На кухне смех и звуки посуды.
– Пап, а что мы будем кушать? – спрашивает Катя, заглядывая в холодильник.
– Что-то очень вкусное, – уверенно отвечает Ярослав.
– Я маме покажу! – кричит из кухни.
– Подожди, – останавливает ее, – мама отдыхает. Давай ей сюрприз сделаем.
– Давай!
– Так, моя принцесса, теперь ты главный повар. Держи венчик, начинаем волшебство!
открываю глаза, когда слышу мелкие шаги.
Катя заглядывает ко мне. Волосы и щеки припорошены мукой. Но она выглядит такой счастливой, что я невольно начинаю улыбаться.
– Мне делаем тебе сюпиз!
– Хорошо.
– Пап, надо моко?
– Точно! Самая внимательная повариха! – смеется он, и от этого звука у меня внутри что-то мягко и нежно дрожит.

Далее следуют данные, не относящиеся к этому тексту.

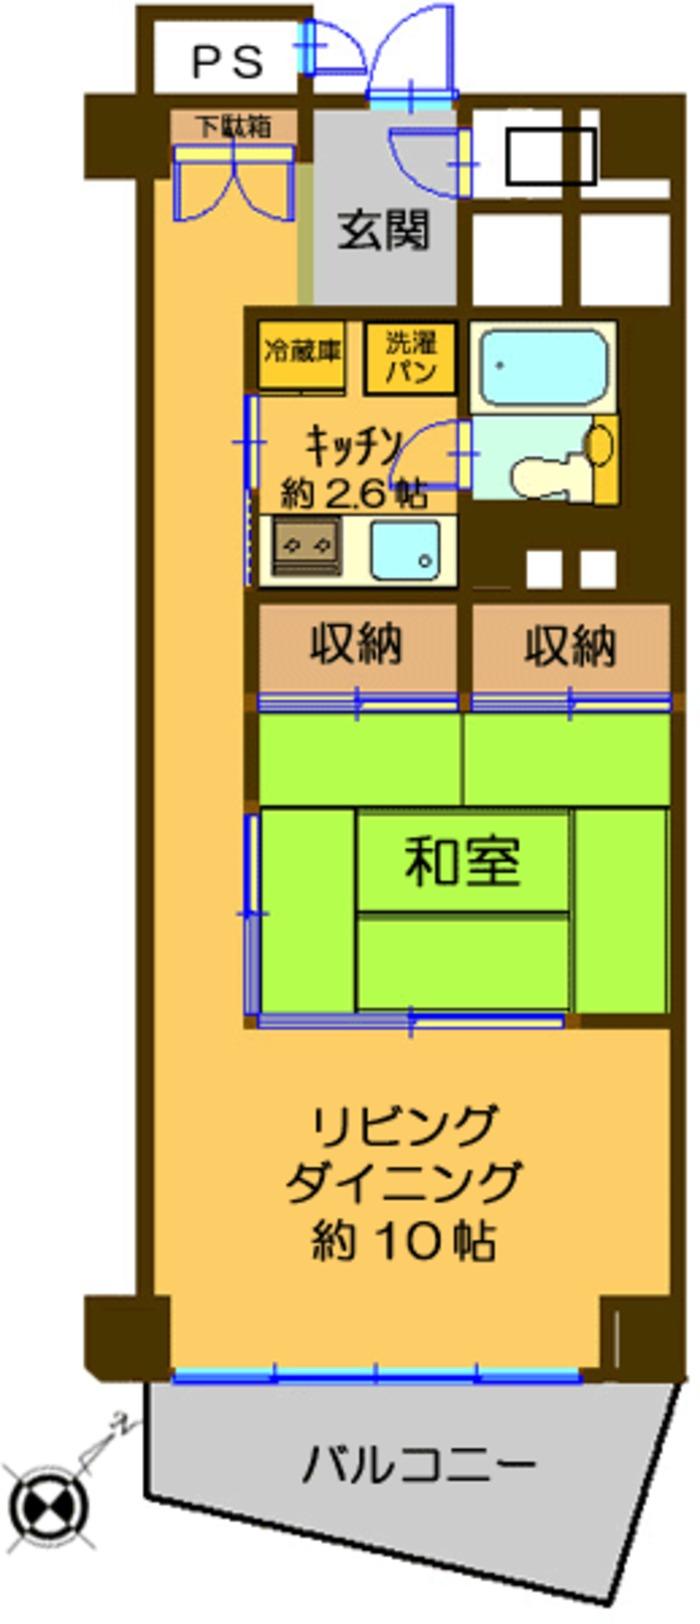 Floor plan. 1LDK, Price 5.5 million yen, Occupied area 44.03 sq m , Balcony area 7.6 sq m

– Ой, папочка, прости, я нечаянно!
Что-то разлили.
– Ничего страшного, – улыбается он и подмигивает ей. – Теперь я буду очень вкусным папой!
Они хохочут и пекут блины. А мне становится так тепло и душевно.
Наконец, заканчивают и Катя с подносом гордо шагает впереди. Ярослав внимательно контролирует процесс позади. Они такие похожие, родные и близкие.
– Мамочка, это тебе! Не болей!
– Спасибо, моя хорошая, – глажу ее по щеке, вытирая следы муки.
– А блины папа пек, я только помогала. Но муку я сама рассыпала, – признается она, смеясь.
Ярослав улыбается, ставит поднос передо мной и заботливо поправляет плед.
– Как ты? – тихо спрашивает он, присаживаясь рядом.
– Лучше, – улыбаюсь я, ловя его теплый взгляд. – У тебя рубашка вымазалась. Давай снимай, я закину в стирку, – предлагаю я.
– Я сам, – быстро отвечает он, но, заметив мой взгляд, усмехается и расстегивает пуговицы. – Не поднимайся.
Я смотрю на него, ощущая как внутри все привычно сладко сжимается. Он заботливо помогает мне сесть поудобнее, поправляет подушку, следит за каждым моим движением. И это так ценно и дорого.
Когда Катя убегает смотреть мультфильмы, Ярослав садится ближе.
– Даш, может, все-таки в больницу съездим? – тихо предлагает он, внимательно заглядывая мне в глаза. – Мне не нравится, как ты себя чувствуешь.